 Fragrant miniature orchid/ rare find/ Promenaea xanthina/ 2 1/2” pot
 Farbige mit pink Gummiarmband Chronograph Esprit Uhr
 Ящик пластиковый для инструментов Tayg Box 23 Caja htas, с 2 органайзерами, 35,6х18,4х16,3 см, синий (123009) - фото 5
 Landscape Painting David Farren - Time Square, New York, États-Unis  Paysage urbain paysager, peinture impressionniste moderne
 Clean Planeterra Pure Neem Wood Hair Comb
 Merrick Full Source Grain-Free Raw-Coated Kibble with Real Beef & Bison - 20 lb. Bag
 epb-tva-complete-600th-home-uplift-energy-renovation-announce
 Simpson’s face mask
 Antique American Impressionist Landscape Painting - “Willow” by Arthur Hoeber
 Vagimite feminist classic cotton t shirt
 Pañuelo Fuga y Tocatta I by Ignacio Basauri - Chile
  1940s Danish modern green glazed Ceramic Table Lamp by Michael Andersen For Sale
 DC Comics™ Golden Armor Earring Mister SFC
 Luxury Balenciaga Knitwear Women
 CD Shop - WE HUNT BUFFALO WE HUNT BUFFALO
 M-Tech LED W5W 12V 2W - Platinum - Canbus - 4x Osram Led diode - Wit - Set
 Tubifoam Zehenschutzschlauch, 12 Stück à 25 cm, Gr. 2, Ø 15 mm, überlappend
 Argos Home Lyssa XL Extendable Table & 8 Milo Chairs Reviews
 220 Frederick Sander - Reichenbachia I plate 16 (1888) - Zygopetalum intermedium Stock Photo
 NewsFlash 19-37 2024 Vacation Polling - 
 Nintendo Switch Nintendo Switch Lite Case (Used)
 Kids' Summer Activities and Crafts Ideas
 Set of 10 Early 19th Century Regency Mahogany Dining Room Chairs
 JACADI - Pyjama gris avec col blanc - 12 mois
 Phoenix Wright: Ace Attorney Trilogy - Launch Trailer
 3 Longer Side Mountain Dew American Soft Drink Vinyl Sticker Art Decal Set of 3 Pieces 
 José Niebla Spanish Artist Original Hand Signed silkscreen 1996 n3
● ● ● ● ● ● ●
> **Work item**: Exact copies are needed of the line with "Kids' Summer Activities and Crafts Ideas" and each line after it through the end of the material above.

> **Response below**:
 Kids' Summer Activities and Crafts Ideas
 Set of 10 Early 19th Century Regency Mahogany Dining Room Chairs
 JACADI - Pyjama gris avec col blanc - 12 mois
 Phoenix Wright: Ace Attorney Trilogy - Launch Trailer
 3 Longer Side Mountain Dew American Soft Drink Vinyl Sticker Art Decal Set of 3 Pieces 
 José Niebla Spanish Artist Original Hand Signed silkscreen 1996 n3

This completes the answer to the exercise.